Wat het begrip 'in betekenende mate' precies inhoudt, staat in een de algemene maatregel van bestuur ‘Niet in betekenende mate bijdragen’ (Besluit NIBM). Op hoofdlijnen komt het erop neer dat 'grote' projecten die jaarlijks meer dan 3 % bijdragen aan de jaargemiddelde norm voor fijn stof en stikstofdioxide (1,2 µg/ m³) een 'betekenend' negatief effect hebben op de luchtkwaliteit. 'Kleine' projecten die minder dan 3 % bijdragen, kunnen doorgaan zonder toetsing. Dat betekent bijvoorbeeld dat lokale overheden een woonwijk van minder dan 1.500 woningen niet hoeven te toetsen aan de normen voor luchtkwaliteit. Deze kwantitatieve vertaling naar verschillende functies is neergelegd in de Regeling 'niet in betekenende mate bijdragen'. Een belangrijk onderdeel voor de verbetering van de luchtkwaliteit is het Nationale Samenwerkingsprogramma Luchtkwaliteit (NSL). Binnen dit NSL, dat sinds 1 augustus 2009 in werking is, werken het Rijk, de provincies en gemeenten samen om de Europese eisen voor luchtkwaliteit te realiseren.
Planspecifiek
De voorgenomen ontwikkeling zal een beperkt effect hebben op de luchtkwaliteit ter plaatse. Onderhavig plan bestaat uit het realiseren van maximaal 210 nieuwe woningen, fase 1. In de regeling NIBM is een aantal activiteiten, zoals projecten tot 1.500 woningen met één ontsluitingsweg (3.000 met twee ontsluitingswegen) bij voorbaat aangemerkt als 'niet in betekenende mate'. Toetsing van het aspect luchtkwaliteit is daardoor op grond van artikel 4 van de Regeling NIBM niet noodzakelijk. Het project heeft 'niet in betekenende mate' invloed op de luchtkwaliteit ter plaatse.

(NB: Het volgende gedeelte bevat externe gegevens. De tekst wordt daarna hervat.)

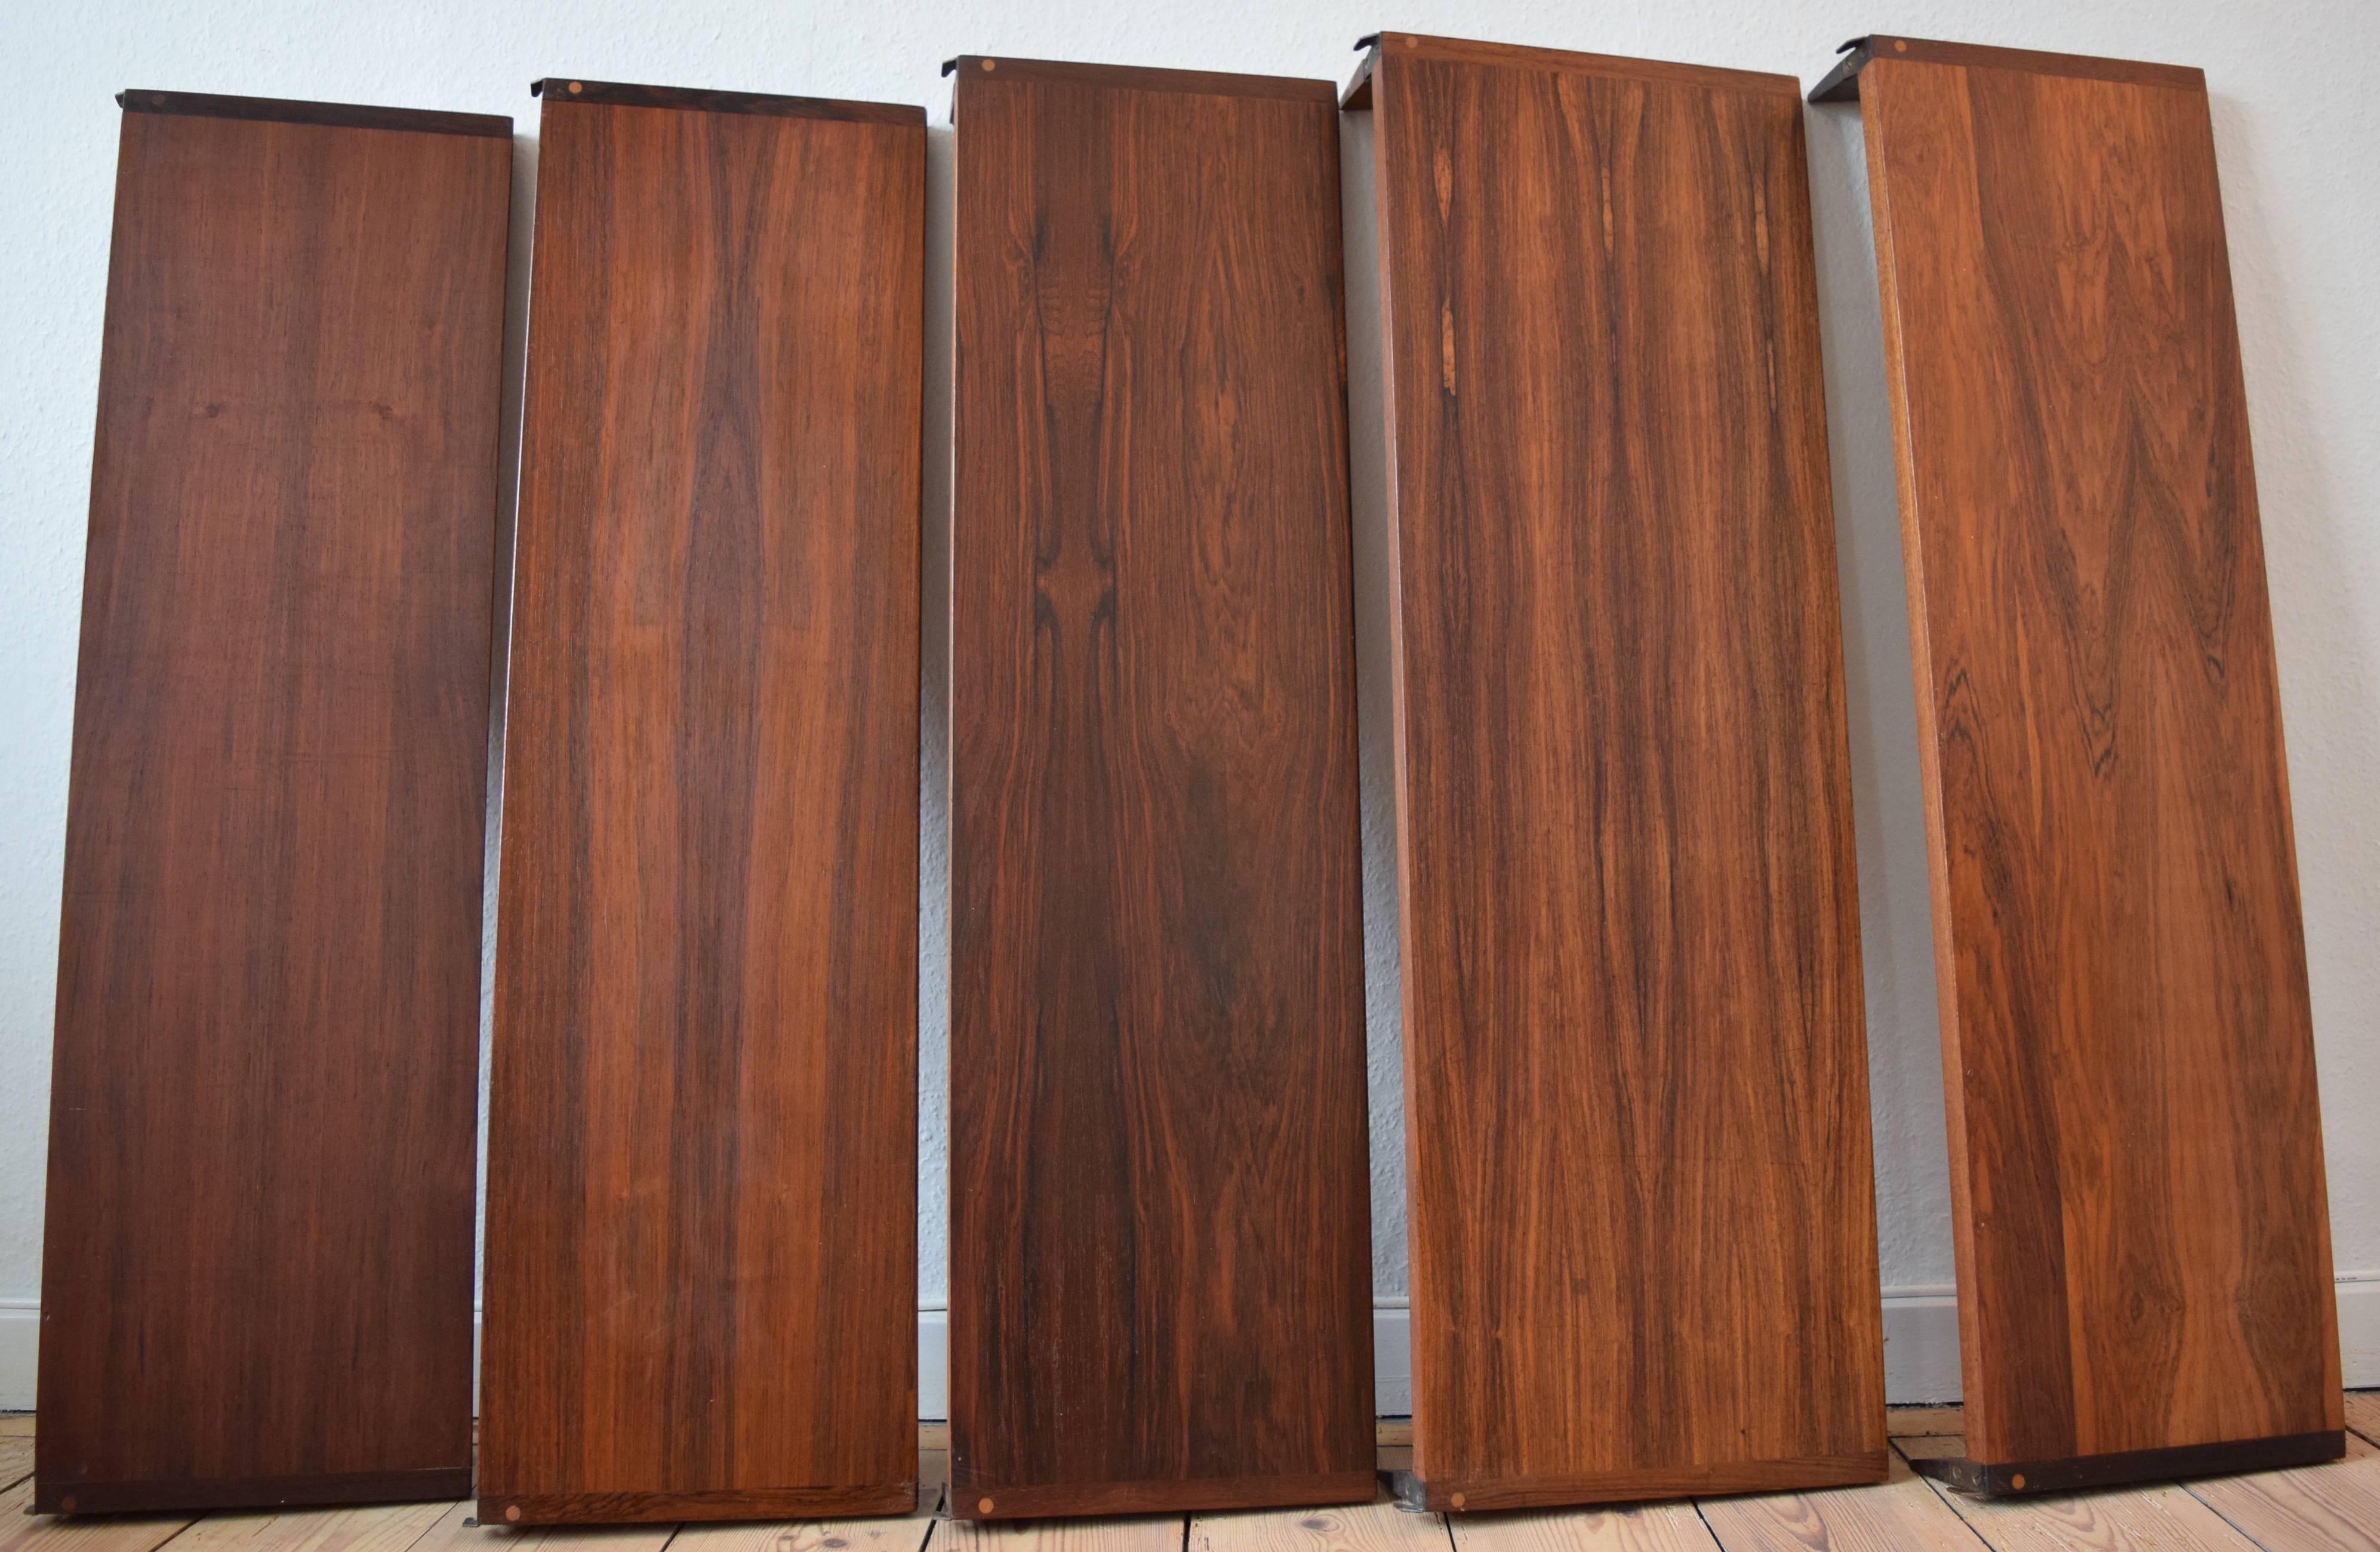 Danish Midcentury Rosewood Shelving System by Kai Kristiansen, 1960s For Sale 3
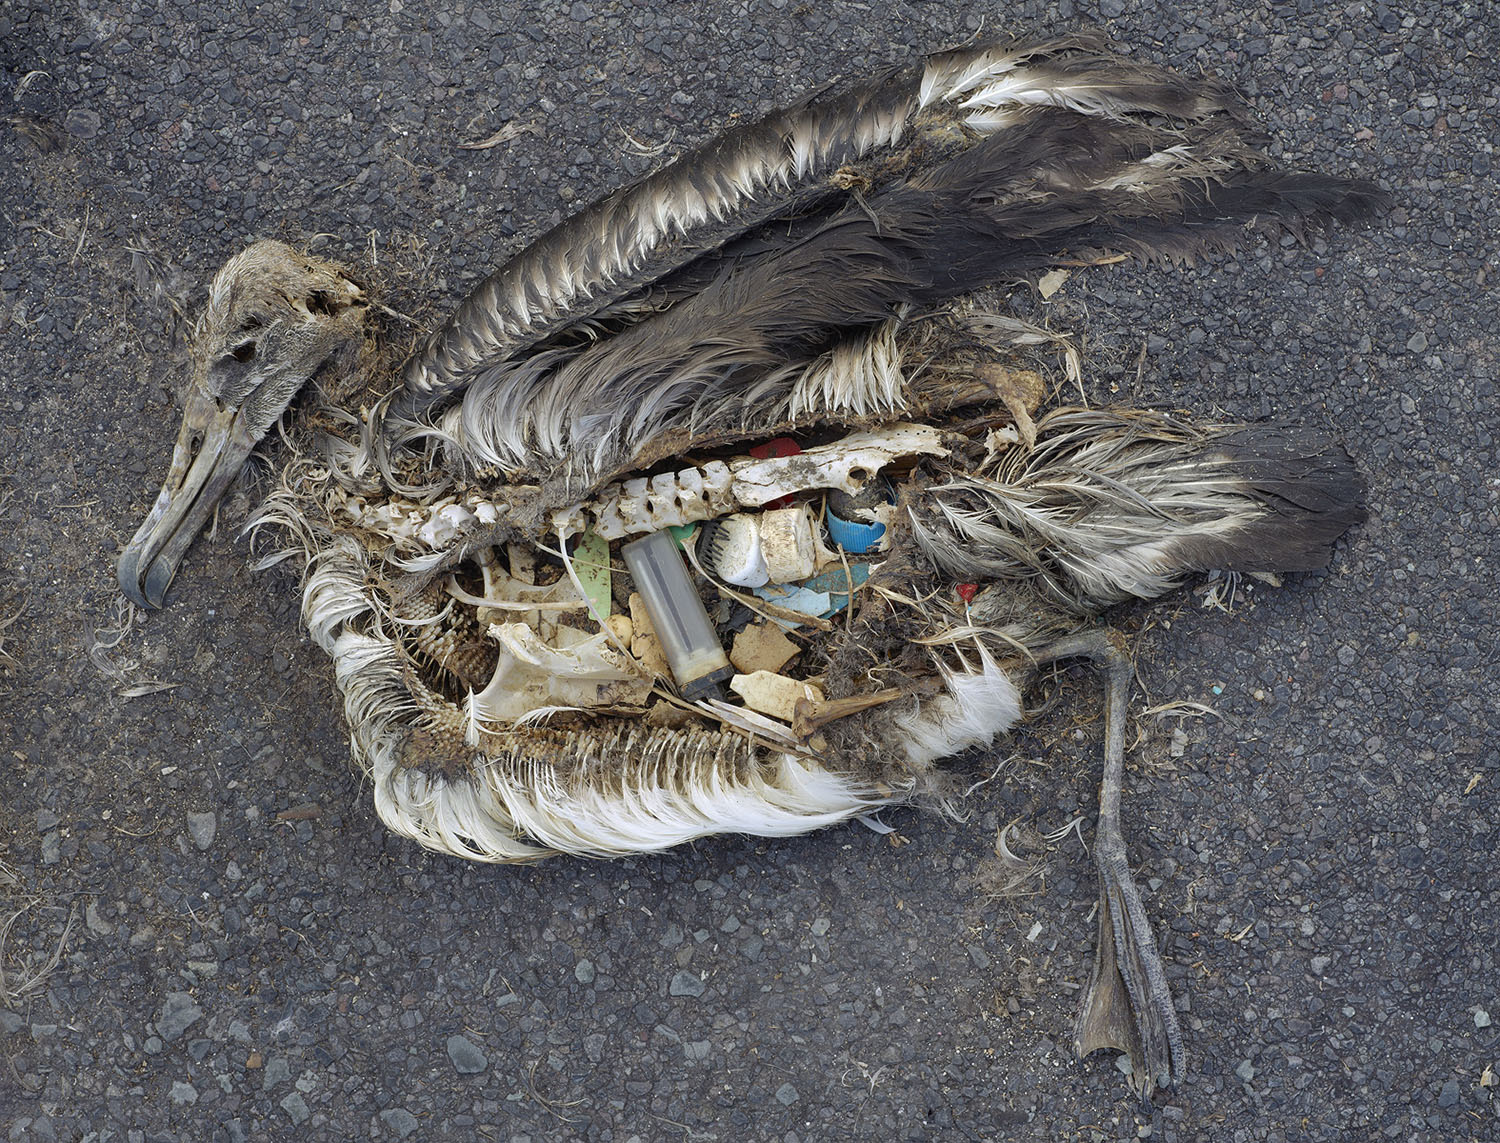 Chris Jordan, CF000313, unaltered stomach contents of juvenile Laysan albatross, from the series Midway: Message from the Gyre, 2009. Pigment print. Courtesy of the artist.

Wel is, met behulp van de Atlas Leefomgeving, gekeken naar de luchtkwaliteit in en rondom het plangebied. Hieruit blijkt dat de luchtkwaliteit ter plaatse ruim voldoet aan de gestelde grenswaarde van 40 µg/m3 voor zowel fijnstof als stikstofdioxide. De specifieke concentraties over 2020 van fijnstof (PM10), fijnstof (PM2,5) en stikstofdioxide (NO2) in het plangebied bedragen respectievelijk 16,7 μg/m³ PM10, 9,26 μg/m³ PM2,5 en 13,5 μg/m³ NO2. Daarmee worden de wettelijke grenswaarden niet overschreden. Daaruit volgt dat er sprake is van een goed woon- en leefklimaat.
Conclusie
Het aspect luchtkwaliteit vormt daarmee geen belemmering voor de uitvoerbaarheid van de voorgenomen ontwikkeling.
4.6 Externe veiligheid
Het externe veiligheidsbeleid is gericht op beperking en beheersing van risico's door opslag en gebruik van gevaarlijke stoffen binnen inrichtingen en het vervoer van gevaarlijke stoffen. Het uitgangspunt van het beleid is dat burgers voor de veiligheid van hun omgeving mogen rekenen op een minimum beschermingsniveau (plaatsgebonden risico). Daarnaast moet bij ruimtelijke ontwikkelingen de kans op grote calamiteiten met meerdere slachtoffers (groepsrisico) worden afgewogen en verantwoord bij een toename van het aantal personen binnen het invloedsgebied of een toetsingszone van een risicobron. Voor (de omgeving van) de meest risicovolle bedrijven is het Besluit externe veiligheid inrichtingen (Bevi) van belang. Aanvullend zijn in het Vuurwerkbesluit en het Besluit algemene regels inrichtingen milieubeheer (Barim, ook wel Activiteitenbesluit genoemd) veiligheidsafstanden genoemd die rond minder risicovolle inrichtingen moeten worden aangehouden.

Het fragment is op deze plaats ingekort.